Open source Markdown editor for macOS.
https://macdown.uranusjr.com/
9.45k stars 1.09k forks source link

Can't open UTF-16 files with BOM #523

Open Jmuccigr opened 8 years ago

Jmuccigr commented 8 years ago

Working with a new iPad and an app that defaults to saving files as UTF-16. MacDown wouldn't open one of these files, so I played around a little with the various UTF formats using BBEdit to create and save them. Here's what I found out:

MacDown can open (as reported by the bash file command):

Can't open:

In other words, it looks like the presence of a BOM prevents MacDown from opening a UTF-16 file.

This seems like a bug.

PS MacDown seems to strip the BOM when saving UTF-8 files that have them. It also seems to mess up UTF-16 files when saving them, at least when looked at with BBEdit or pico.

JanX2 commented 8 years ago

@Jmuccigr UTF-8 is the canonical encoding for Markdown. While IMHO this should be resolved, please also tell the app developer to fix their app. :)

Jmuccigr commented 8 years ago

Well, the other app is for generic text files, so I'll cut them some slack. :-) That said, I agree with you. UTF-8 is just a better choice.

For MacDown, really I don't mind if it converts everything to UTF-8 w/o BOM, but I think it should be able to open UTF-16 files and save them correctly, if it's not converting them.

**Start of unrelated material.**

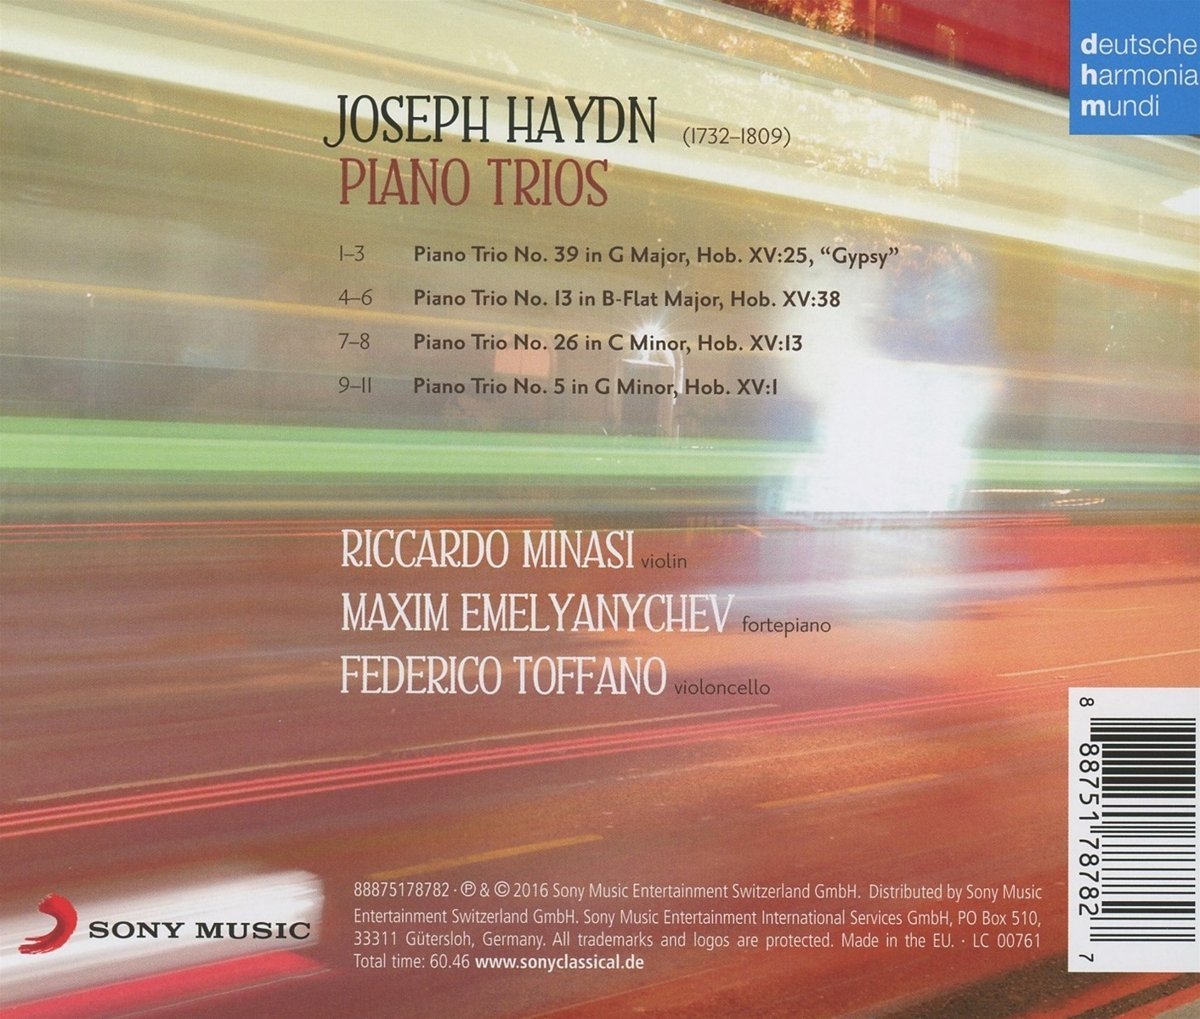 Haydn: Piano Trios | Riccardo Minasi, Maxim Emelyanychev, Frederico Toffano, Franz Joseph Haydn
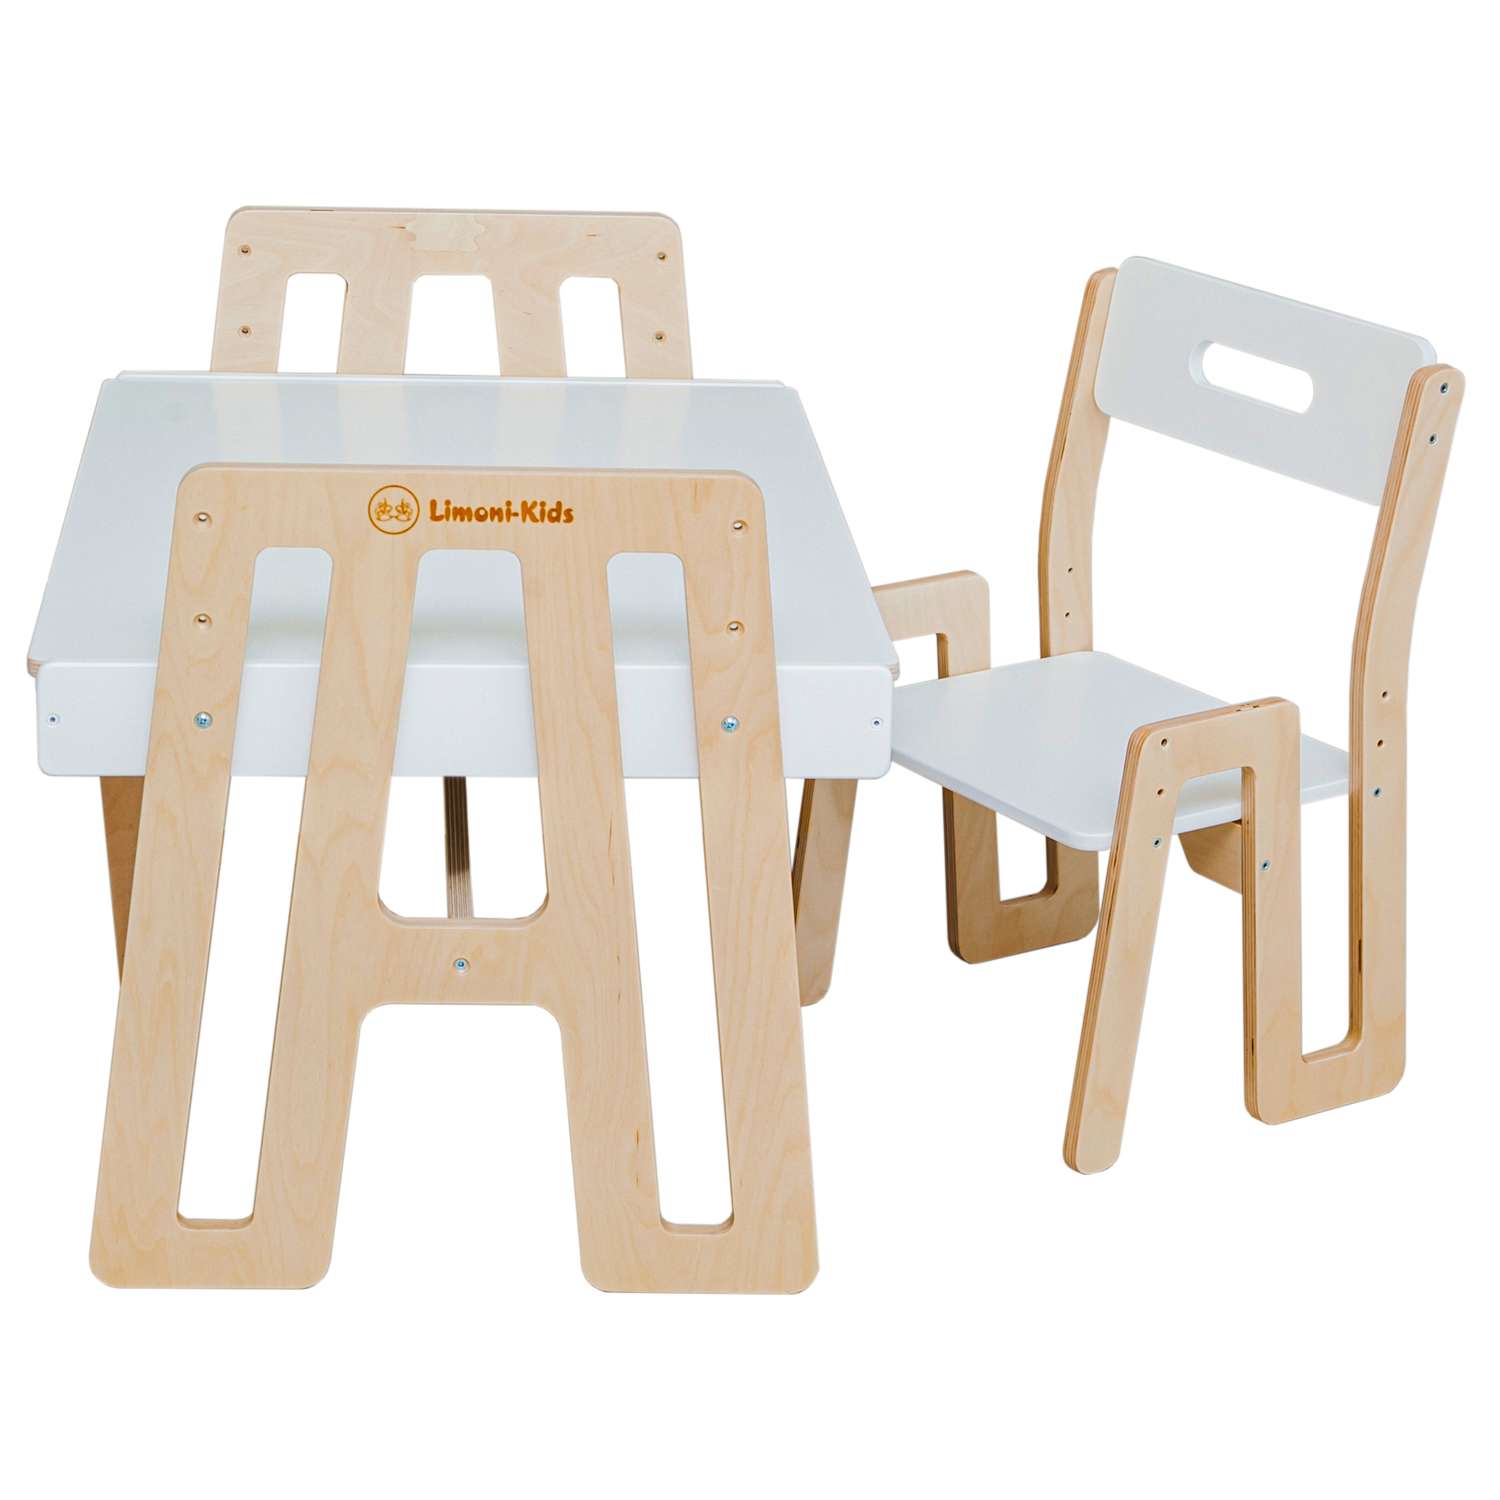 Как выбрать детский столик и стульчик - статья в интернет-магазине centerforstrategy.ru

Jmuccigr commented 8 years ago

Any thoughts on this, @uranusjr?

uranusjr commented 8 years ago

There are a lot of internals assuming UTF-8, and supporting UTF-16 for all of them could take a lot of work. But it is not impossible, and a good editor should support multiple encodings anyway.

The main problem (functionality-wise) would be to pick an encoding to use when a file is opened. Objective-C lacks a native encoding-detection API prior to 10.10[1], and baking one on our own would probably be too much work. Would it be OK if we just always assume UTF-8 when opening a file, and offer a “Reload with Encoding” option after the file is opened?

[1] https://developer.apple.com/library/mac/documentation/Cocoa/Reference/Foundation/Classes/NSString_Class/index.html#//apple_ref/occ/clm/NSString/stringEncodingForData:encodingOptions:convertedString:usedLossyConversion:

Jmuccigr commented 8 years ago

Again, I don't mind if MacDown converts to UTF-8, so long as it opens the UTF-16 file.

JanX2 commented 8 years ago

@uranusjr This is the encoding detection I have been using for years: https://github.com/JanX2/UniversalDetector It is excellent. The only thing it has problems with is detecting Mac Roman. Luckily, I have never seen a Markdown file using that encoding. ;)

uranusjr commented 8 years ago

@JanX2 Wow that’s cool. I’ve always known about UniversalDetector and its C++ ports, but wasn’t aware of such a ready-made framework. This will make things easy. I’ll probably put together something in the coming week.